Controls were identified from the same 48-county region as the cases and were frequency-matched to the ovarian cancer cases on the basis of race (black or nonblack) and age (5-year age categories) using list-assisted random digit dialing. Controls had to have at least 1 intact ovary and no prior diagnosis of ovarian cancer. Among eligible controls who were identified, 73% agreed to be contacted and be sent additional study information. Among those sent additional study information, the response rate was 64% with an overall response rate of 47%.

The study protocol was approved by the Duke University Medical Center Institutional Review Board and the human subjects committees at each of the participating institutions. All participants signed a written informed consent form.

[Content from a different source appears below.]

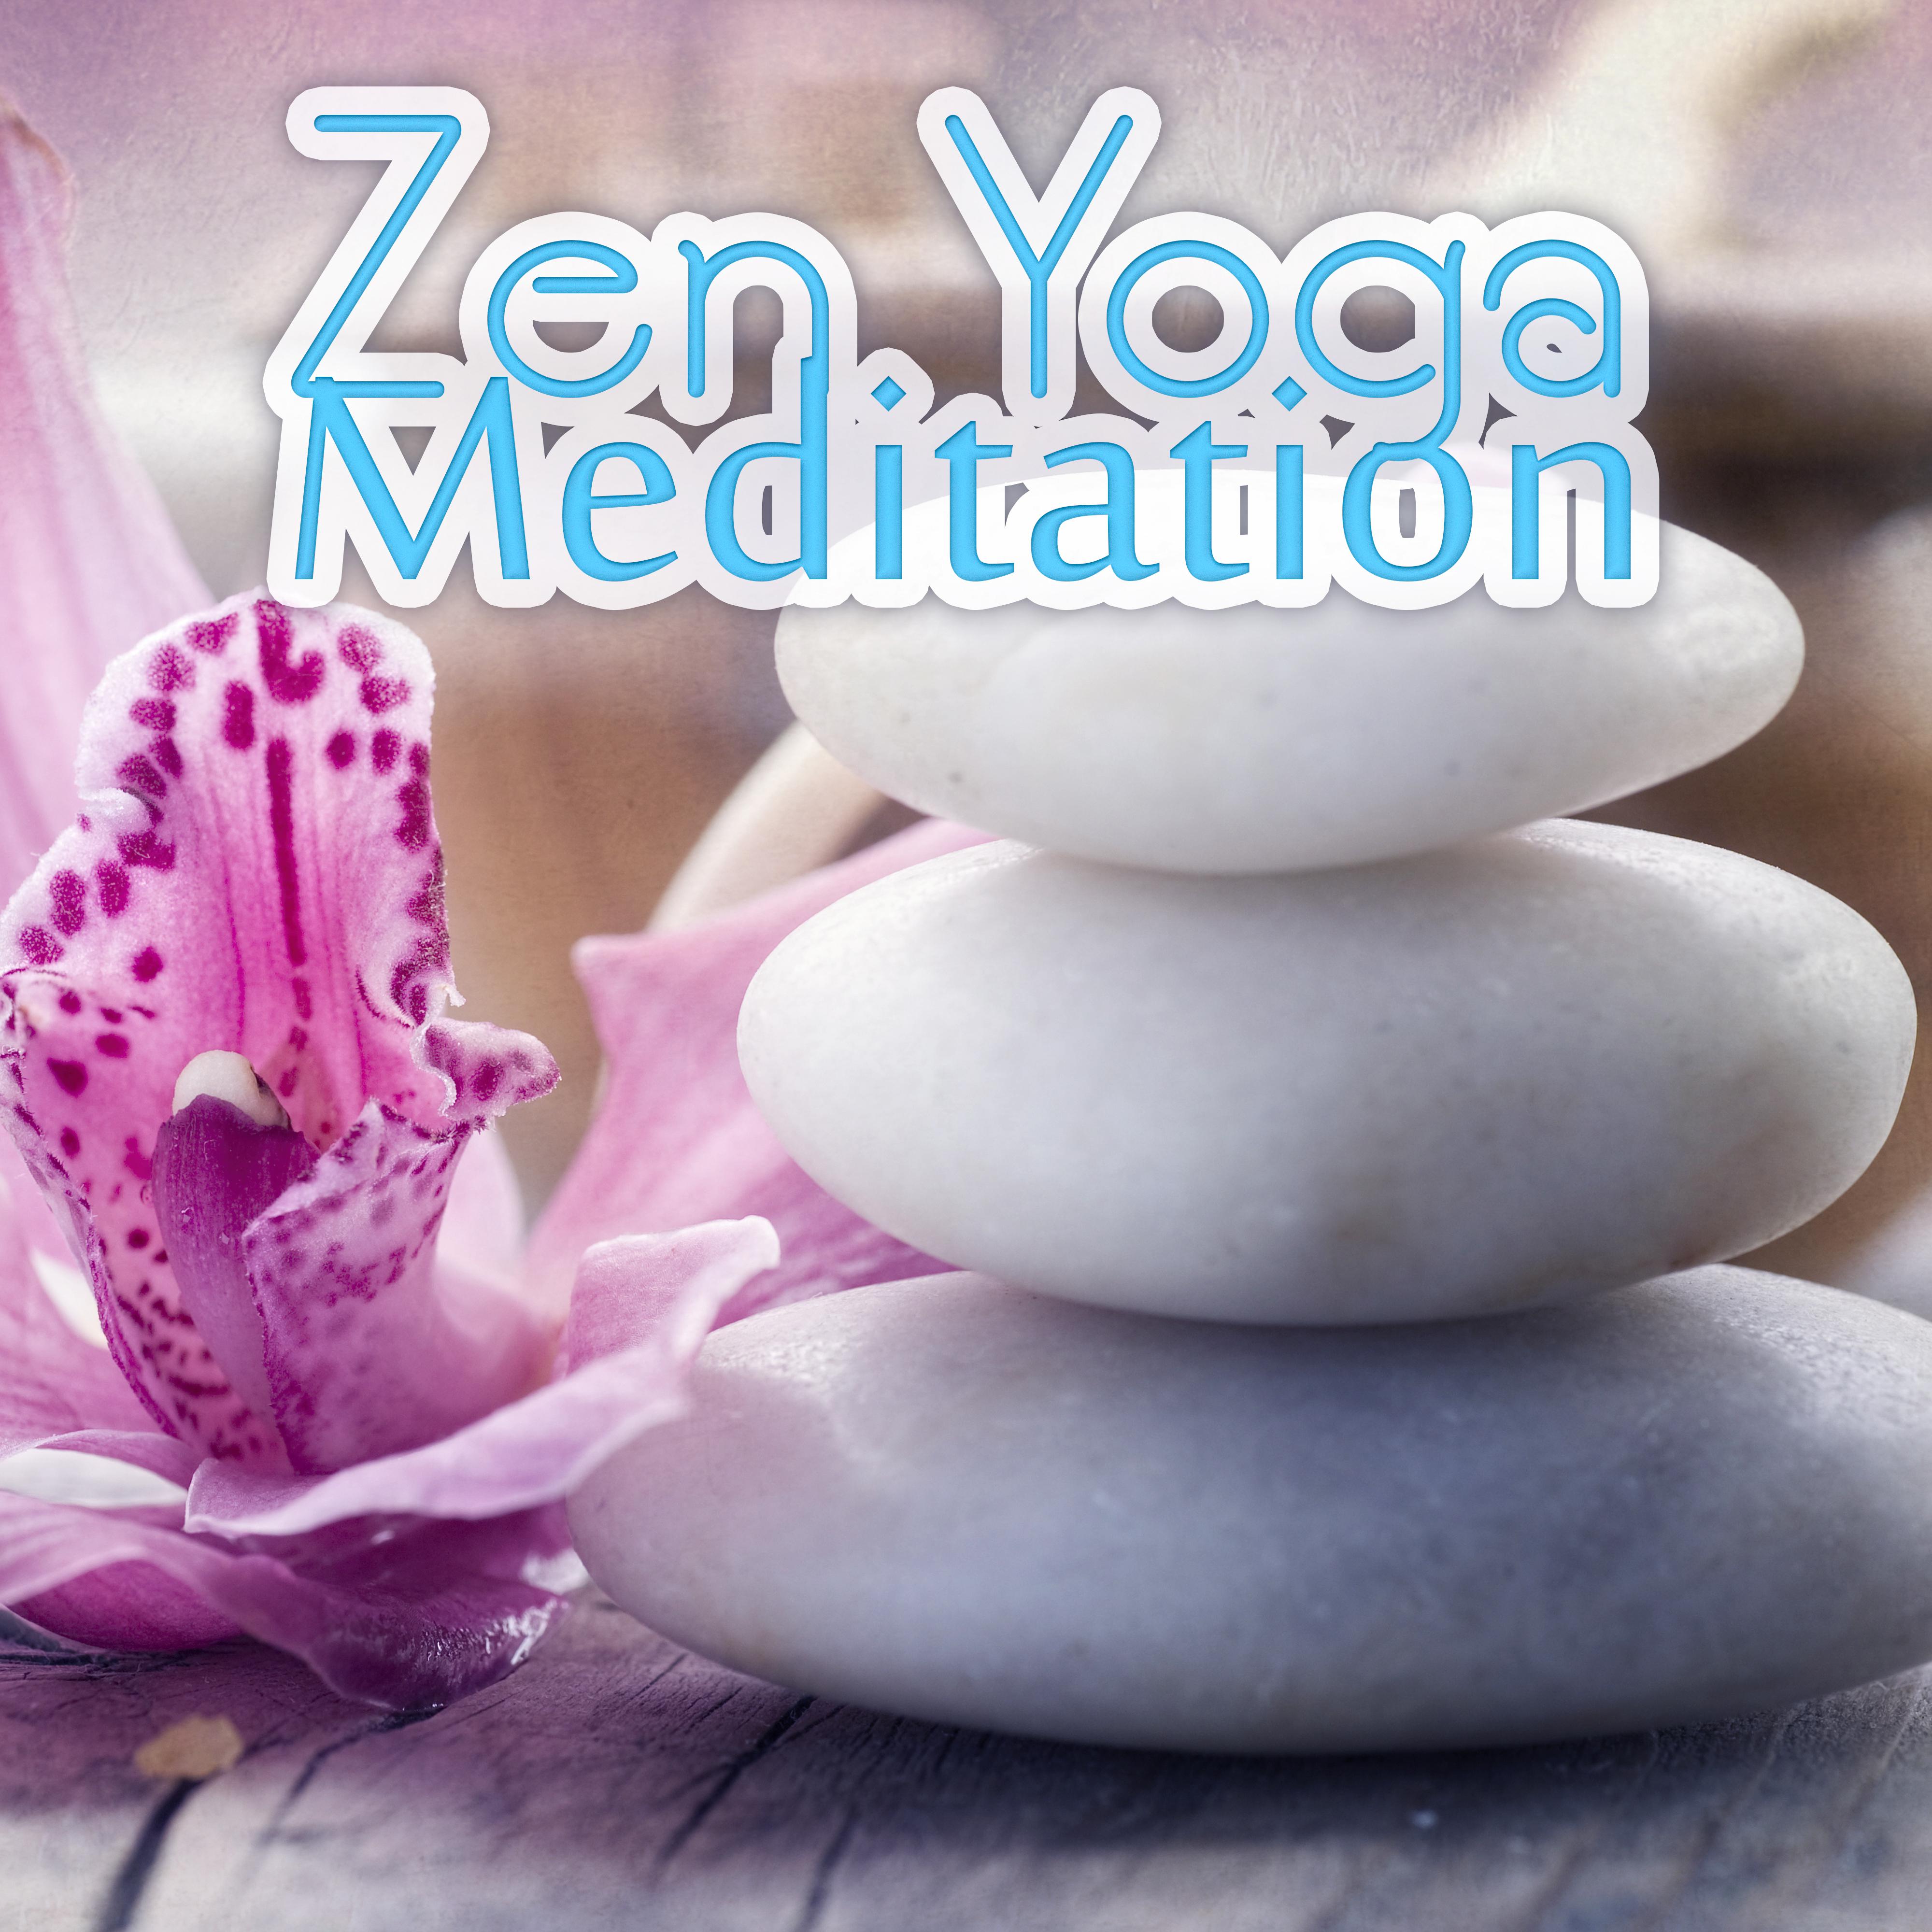 Zen Yoga Meditation – Calming Music, Yoga, Contemplation, Sun Salutation, Relaxing Music, Easy Listening, Blissful, Mindful Meditation

A 90-minute questionnaire was administered in person to obtain information on known and suspected ovarian cancer risk factors. The median time from diagnosis to interview was 4.5 months. Participants were asked to provide information about medications for pain or inflammation that they had taken regularly for at least 3 months in the 5 years before diagnosis (for cases) or interview (for controls). The indication for use of the medication as well as the frequency and duration of use was obtained. To assist in recall, we provided a pictorial display of prescription and over-the-counter medications, including NSAIDs (but not COX-2 inhibitors), and acetaminophen. During the first 2 years of data collection, aspirin use was not ascertained. These subjects were classified as nonusers in the primary analysis; the analysis then was repeated after omitting these subjects. Because cases and controls were similarly queried about aspirin use, the effect of including subjects for whom information on aspirin use was not available, and thus misclassifying some users as nonusers, should have attenuated the relationship between aspirin use and ovarian cancer risk.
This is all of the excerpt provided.